RHS resolution algorithm

RHS resolves to variable in lexical scope if RHS is a valid identifier and is defined.
- Hoisted variables are excluded from resolution.
- Inside module the resolution is limited to module scope
- In global scope the resolution is limited to own properties of global object
- Inside assignment expression LHS of = is excluded from resolution
RHS falls back to property accessor of LHS if RHS is identifier is not found in lexical scope
If RHS is expression it resolves to that expression excluding the last ()

Concerns

Refactoring hazard when newly introduced variable in scope shadows object method. In module scope this can be statically analyzed and produce a warning. In global scope it gets unpredictable.
When in global scope RHS identifier resolution requires runtime checks. In module scope it can be resolved statically.

Examples

Method binding

arrayLike::Array.prototype.sort(comparer)

interprets as

Array.prototype.sort.bind(arrayLike)(comparer)

Method adoption

arrayLike.sort = arrayLike::Array.prototype.sort

interprets as

arrayLike.sort = Array.prototype.sort.bind(arrayLike)

LHS of = exluded from resolution

let log
log = decorate(console::log)

interprets as

let log
log = decorate(console.log.bind(console))

Same with destructuring

let [log, error] = [console::log, console::error]

interprets as

//both log and error resolve to properties
let [log, error] = [console.log.bind(console), console.error.bind(console)]

Nested assignments

let log
let decorated = decorate(log = console::log)

interprets as

let log
let decorated = decorate(log = console.log.bind(console))

Ignoring hoisted variables

let foo = {
 bar() {}
}
let bound = foo::bar
let bar

interprets as

let foo = {
 bar() {}
}
let bound = foo.bar.bind(foo) //hoisted local bar is ignored
let bar //might also be a warning from static analyzer

Property shadowing

let error = function(){}
let [log, printError] = [
  console::log, 
  console::error
]

interprets as

let error = function(){}
let [log, printError] = [
  console.log.bind(console), 
  error.bind(console) //extension method takes precedence over own
  //should cause a warning from static analyzer
]

andyearnshaw commented 7 years ago

The rule of thumb is that local variables and functions always shadow the properties of an object on LHS.

Variables and functions are resolved by scope, so this can't work well without being confusing. For a real world example, take a look at this:

let toString = someObj::toString;

There are several problems with your proposal that come to light here. The first is the temporal dead zone rule for let/const vars; with toString defined using let, the RHS technically resolves local and will throw a ReferenceError. Definitely confusing. Let's say we allow this proposal to continue and the ReferenceError to throw, so we have to change that code to look like this:

let toStringBound = someObj::toString;

Now we've got a bound version of someObj's toString method, right? Wrong.
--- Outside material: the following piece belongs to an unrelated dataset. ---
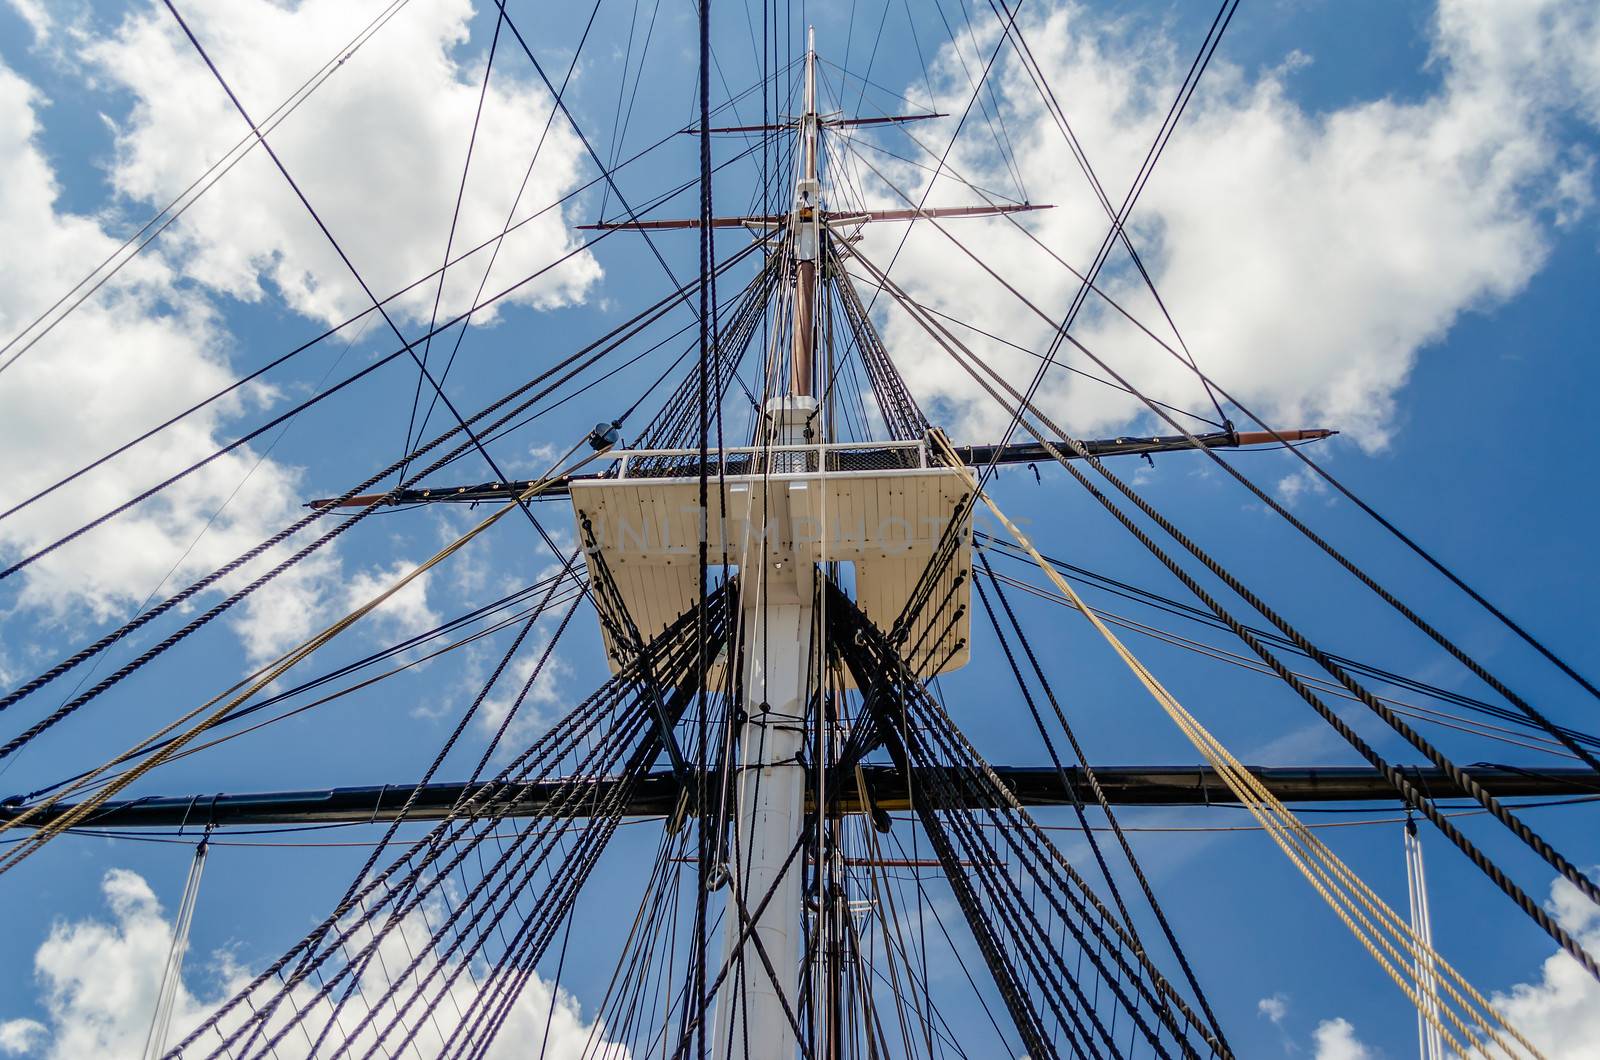 Ship Mast against a blue sky by marcorubino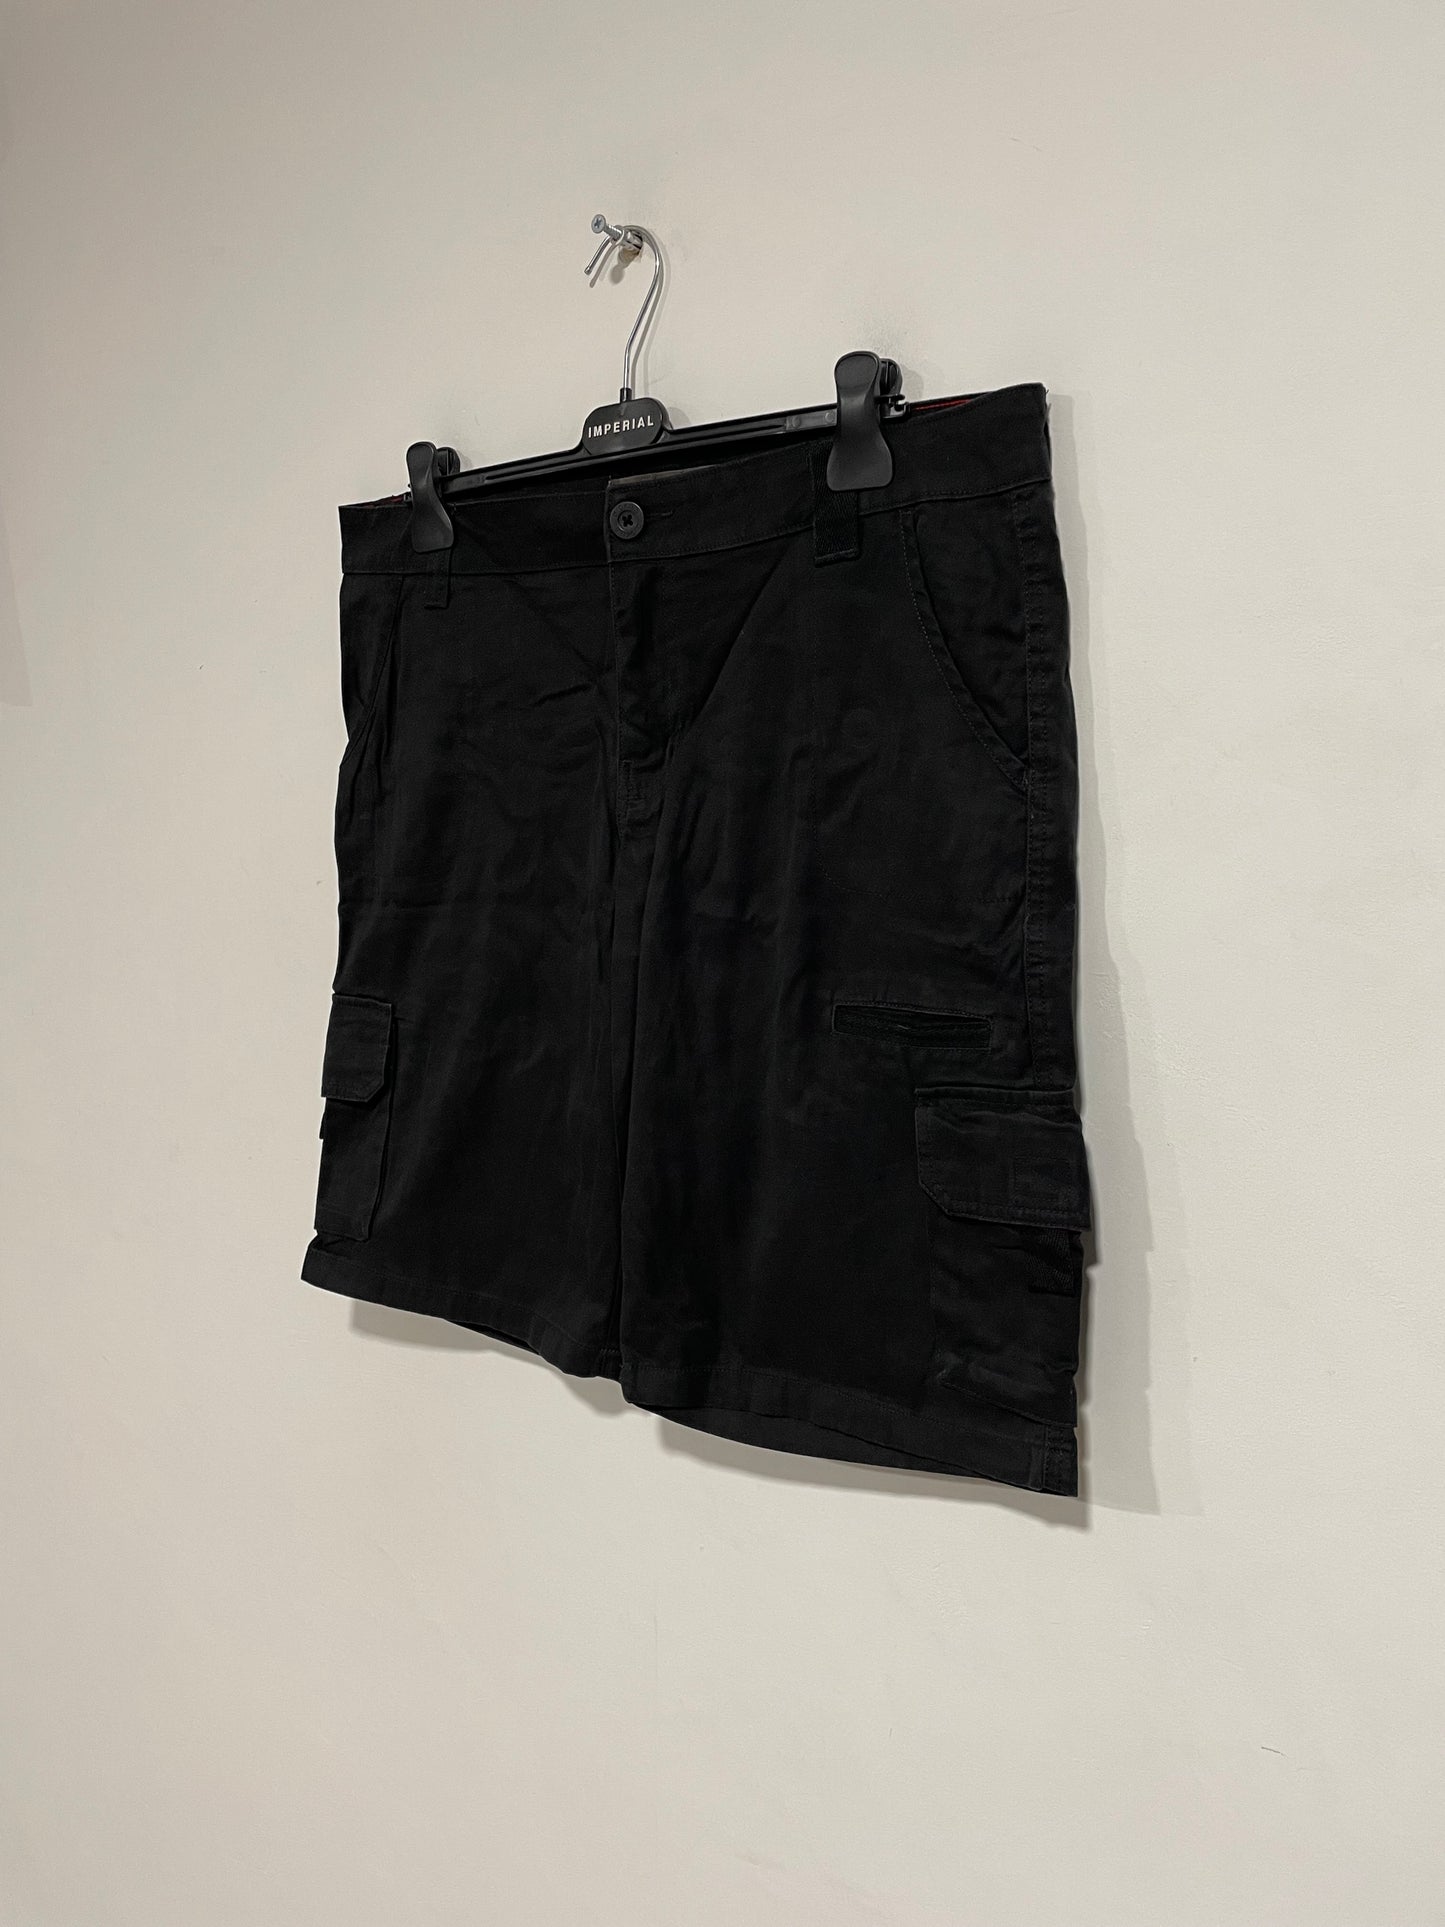 Shorts Dickies cargo black (MR569)

Variables are resolved by scope, so toString will resolve to the global object's toString method, which may not be the same as the one that belongs to someObj.

I agree that the binary form is more intuitive to read, but it can't do the job of the unary form as well as its own job.

bathos commented 7 years ago

I’m curious about what this example is demonstrating:

let foo = {
  bar() {
    return this
  },
  baz() {
    return this
  }
}

foo
  ::bar()
  ::baz()

... since this yields the same result:

foo
  .bar()
  .baz()

Altogether this seems to involve a lot of complex rules. We’re already in fuzzy territory with a proposal that reuses one token :: to mean two things, but it does so in a clearly discernable way (position based). I don’t think the idea of foo::bar() being (1) a valid expression regardless of whether bar is defined and (2) changing its meaning if bar does become defined is tenable. Right now, usage of the binary :: is statically analyzable (it is clearly an error if bar is undefined), and I think there are very good reasons to prefer that to remain the case.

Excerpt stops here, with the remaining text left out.